# mega-g+ tweak for racing



## slotking (May 27, 2008)

success
I removed the NSA tracking device off a mega-g+ and tweaked the endbell.
I should have the video in the libary soon
it was kind of fun


----------



## slotking (May 27, 2008)

video's are done


----------



## LDThomas (Nov 30, 1999)

Exactly what I am looking for! Can't wait to see the vids.


----------



## LDThomas (Nov 30, 1999)

They answered all my questions. Thanks.


----------



## slotking (May 27, 2008)

great

it was fun wondering if I would break it or not!


----------



## LDThomas (Nov 30, 1999)

Is it faster without the NSA tracking device?


----------



## slotking (May 27, 2008)

I think so, I do not think my brush tweak added that much of a jump.

I should have tested before I tweaked it.
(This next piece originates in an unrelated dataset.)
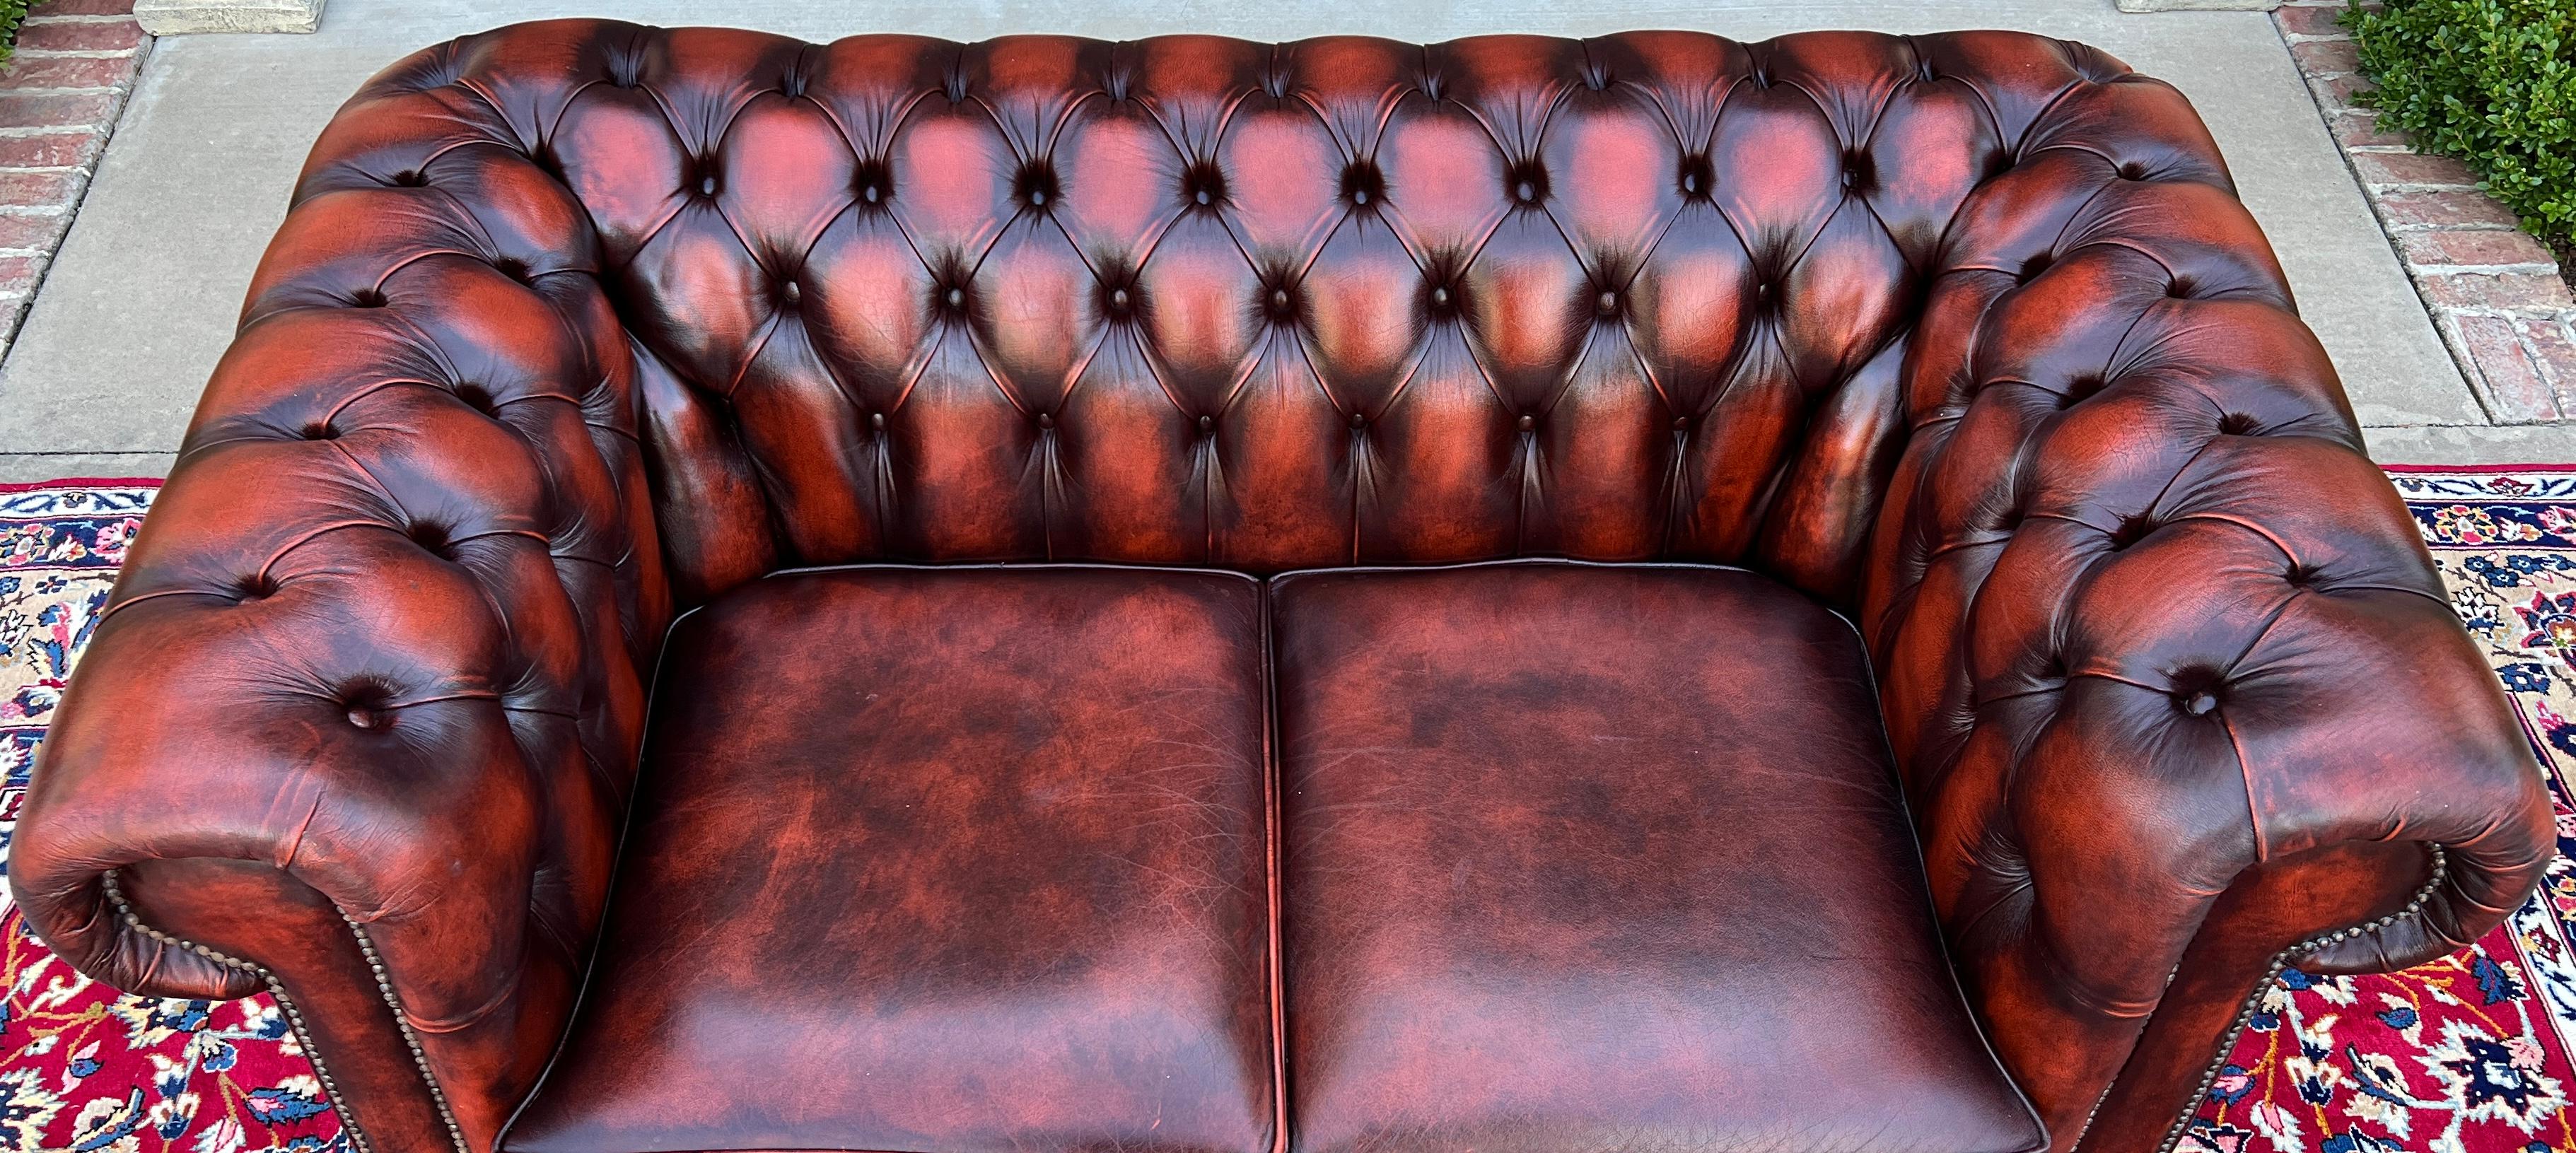 Vintage English Chesterfield Leather Tufted Love Seat Sofa Oxblood Red #2 For Sale 12

I want to bet back on the track before I play with the arm and magnets
I am curious how balanced the arm is
I also wonder if any of the gravity car can motors will fit the car?


----------



## LDThomas (Nov 30, 1999)

Balancing the arm is what I am wanting to do, I needed to find out how to get everything apart.


----------



## slotking (May 27, 2008)

cool
it looks like you can do it, and leave the board attached


----------



## LDThomas (Nov 30, 1999)

slotking said:


> it looks like you can do it, and leave the board attached


That is my plan. :thumbsup:


----------



## slotking (May 27, 2008)

do not forget to tweak them brush springs:wave::thumbsup:


----------



## XracerHO (Feb 6, 2008)

Your video's are great, keep making them & Thanks for sharing! ..RL


----------



## Rich Dumas (Sep 3, 2008)

The RFI filter should not detract from performance beyond adding weight and possibly making it difficult to get some bodies low enough on the chassis. The Mega G+ has no magnetic downforce at the front of the car because of the closed can motor. A little extra weight at the front of the car might not hurt. If I had removed the filter I might be tempted to add a bit of lead.
I do have some N20 can motors with yellow endbells that have a lot more power than the Mega G+ motors, I run those at 12 volts, I am not certain that they would stand up to 18+ volts for long, even though they have carbon motor brushes. Many can motors have feeler type motor brushes that will quickly wear out the commutator at higher voltages.


----------